Yeah, it's shocking for me too.

Is it?

Can't say that I expect people who fall in line for the party for the sake of pragmatism and the defeat of a common enemy would be likely to exhibit a lot of personal loyalty for this person when the plan blows up in everyone's face.

And I can't think of a single good reason why they should, either.
 
Hillary was a bad candidate. She took a lot of things for granted and simply didn't prosecute the case against Trump in a convincing enough way and let him get away with absolute murder for weeks. Even then I still thought she was a shoe in to win, but after the shock you have no choice but to admit what went wrong.
 

Diffense

Member
Clinton was indeed the problem.

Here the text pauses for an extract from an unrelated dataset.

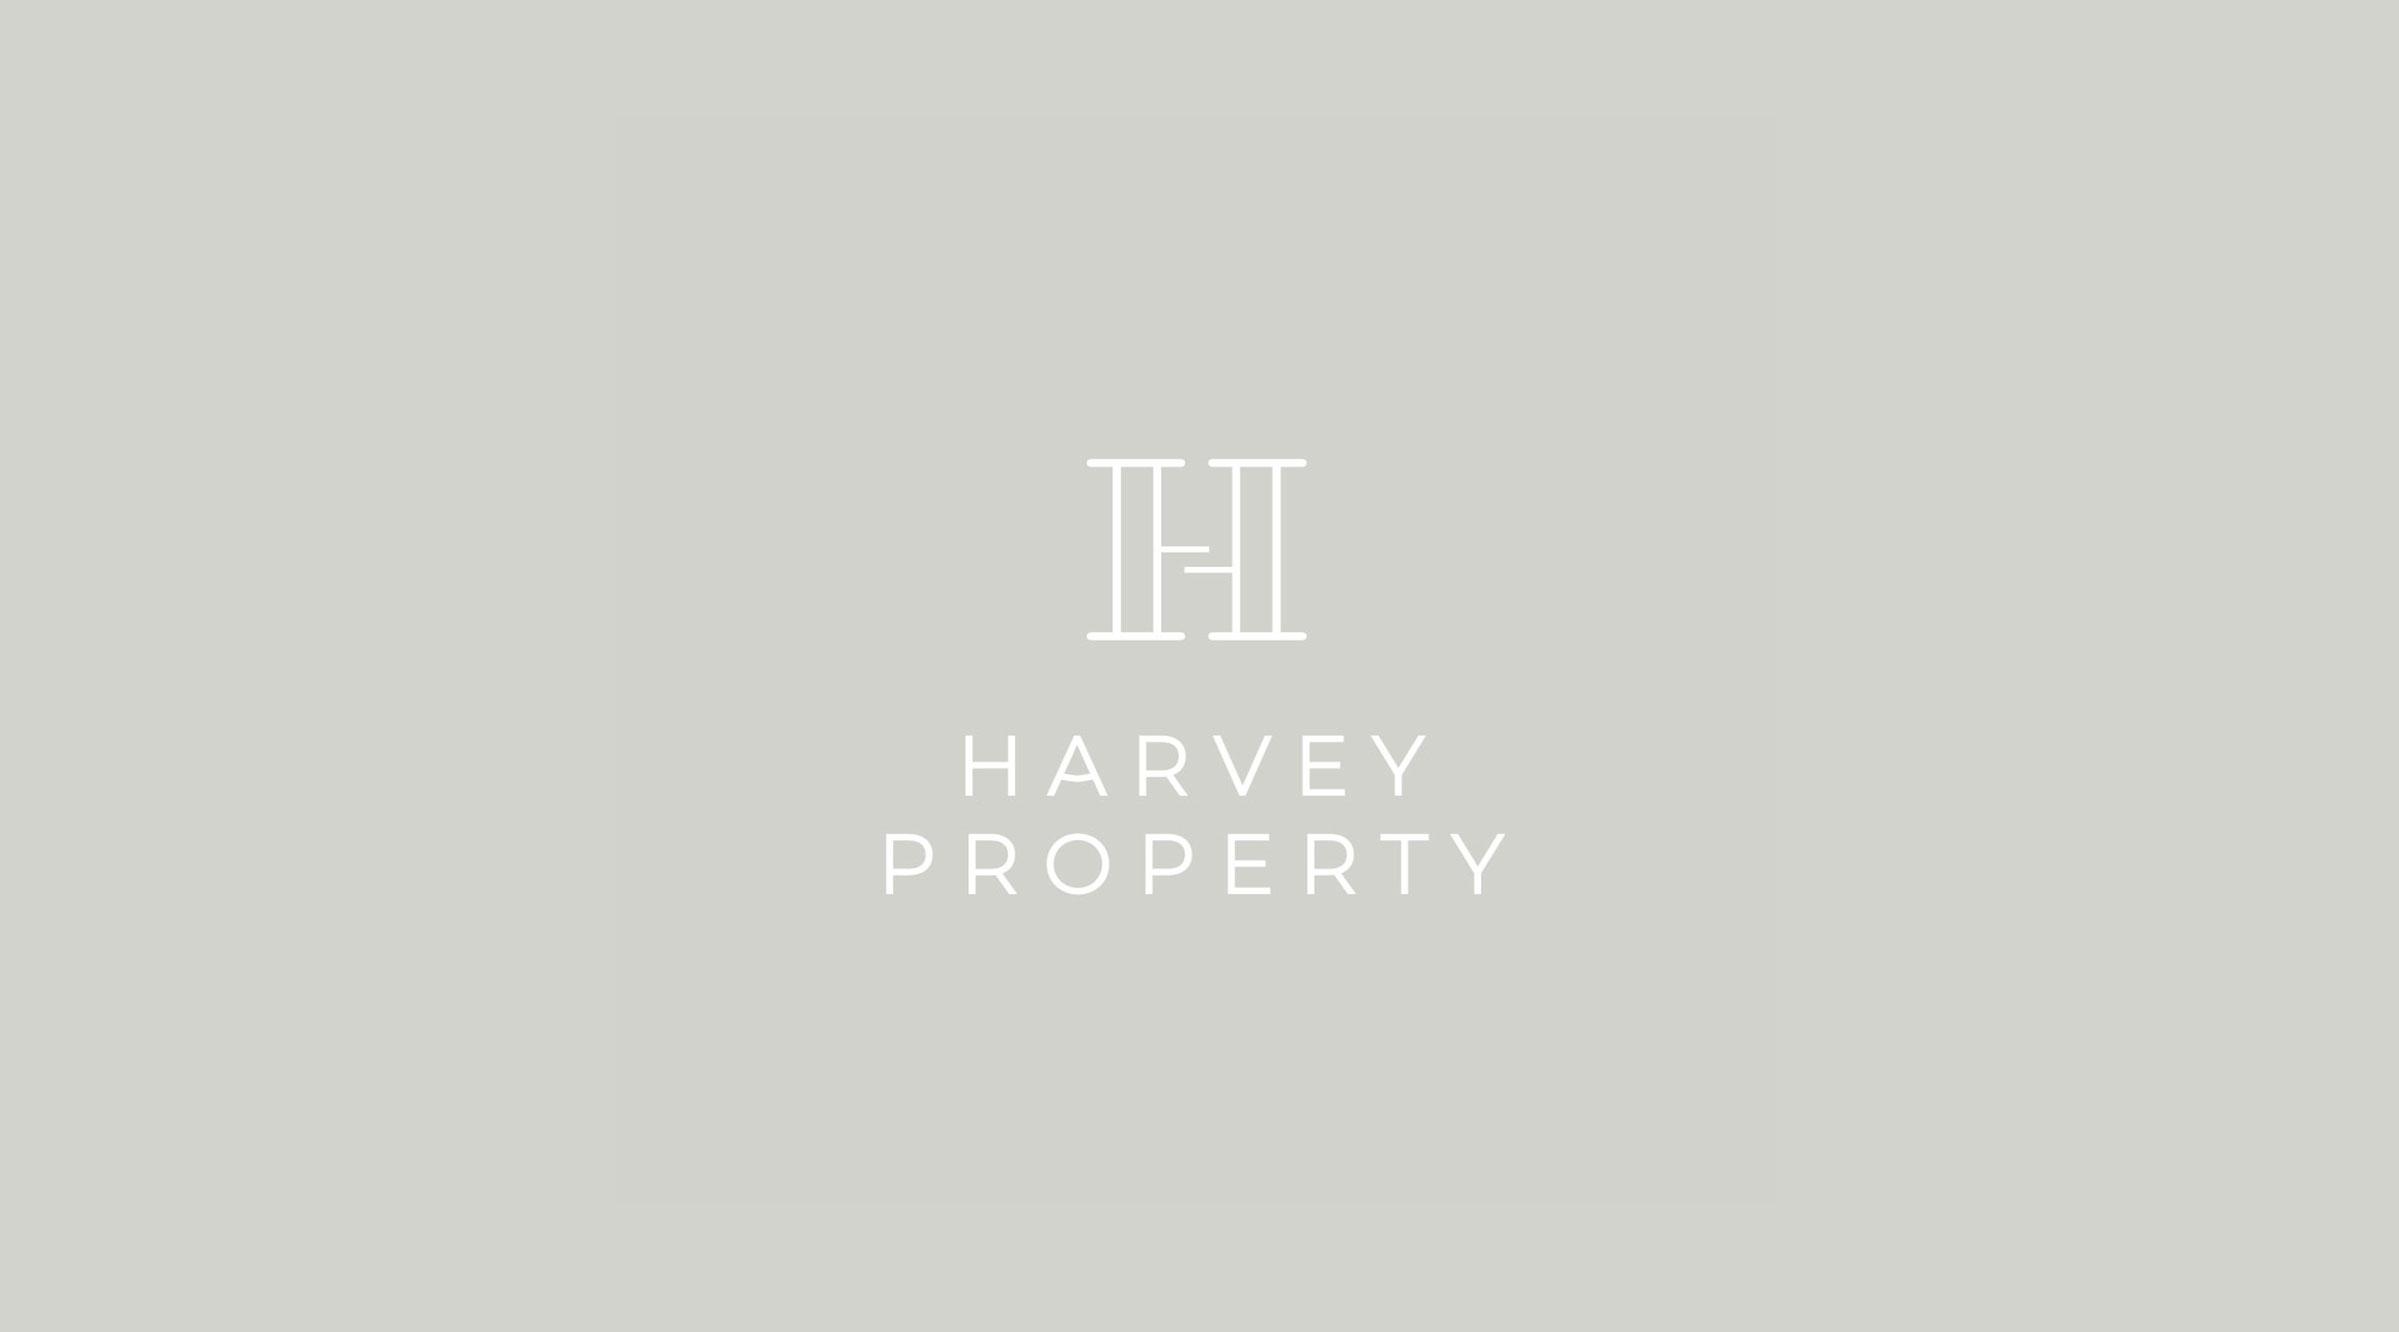 HARVEY PROPERTY
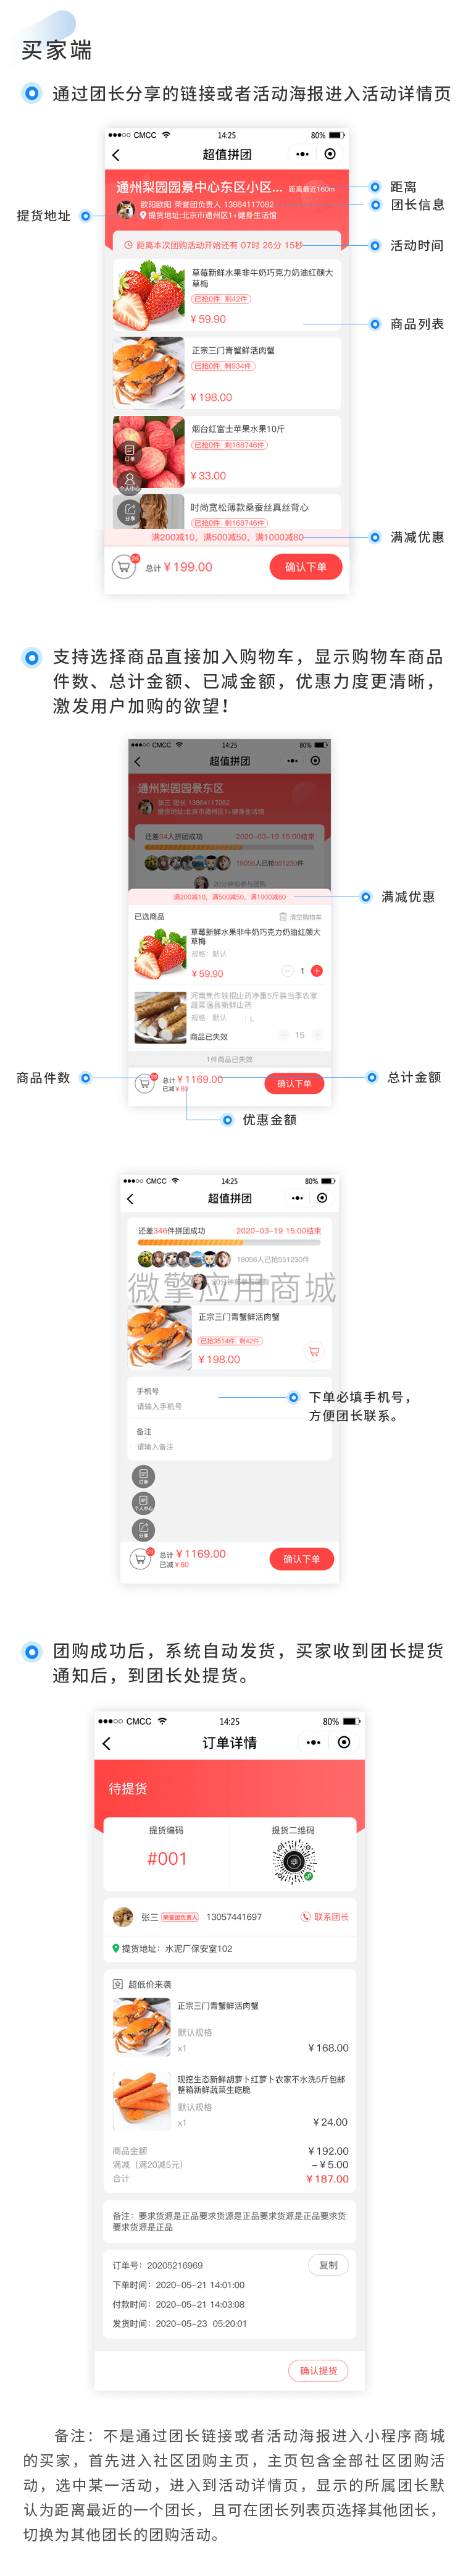 社区团购_04.png

Some people were writing about this. I just saw this article on huffpost but it was written back in March. http://www.huffingtonpost.com/musa-algharbi/the-dnc-is-about-to-coronate-donald-trump_b_9462374.html

Donald Trump is going to be the next president of the United States, and he will have the Democratic National Committee to thank for it. Much has been made of the “math” of the Democratic nomination, and how it favors Hillary Clinton — in large part due to her huge lead in unpledged “superdelegates.”

But for a moment, let’s set aside the math of the Democratic primary, and look at the big picture: What matters for the general election is who can win swing states and ensure high voter turnout and enthusiasm in solidly blue states. In this regard, Bernie Sanders is clearly the more electable candidate.

Bernie Sanders can beat Donald Trump, possibly taking the House and Senate with him. Hillary Clinton can do none of these things. Polls be damned: if Hillary Clinton wins the Democratic nomination, Donald Trump will win the presidency. Count on it.

Wow. "Polls be damned", "Count on it". Talk about being vindicated. IIRC Hillary's 2016 vote count is less than Romney's when he lost to Obama in 2012. More racist, islamophobic Americans voted for a Kenyan/American named "Barack Hussein Obama" than for Hillary. And before you say, "sexism" her own demographic was ambivalent towards her this year. The loss comes down to HRC and the kind of politician she is who was wrong for the moment. Unless they can admit that, the postmortem will be incomplete.
 

duckroll

Member
What an embarrassing pile of excuses. Comey, Comey, Comey. Nothing about their miscalculation in relying on data too much, no reflection on their failure to reach out to certain states, nothing on failing to energize their base. Just Comey. It would have been better if they jusy said they lost the election in the last week because polling data gave them such a hard on tey got complacent. None of that either! Comey!!!!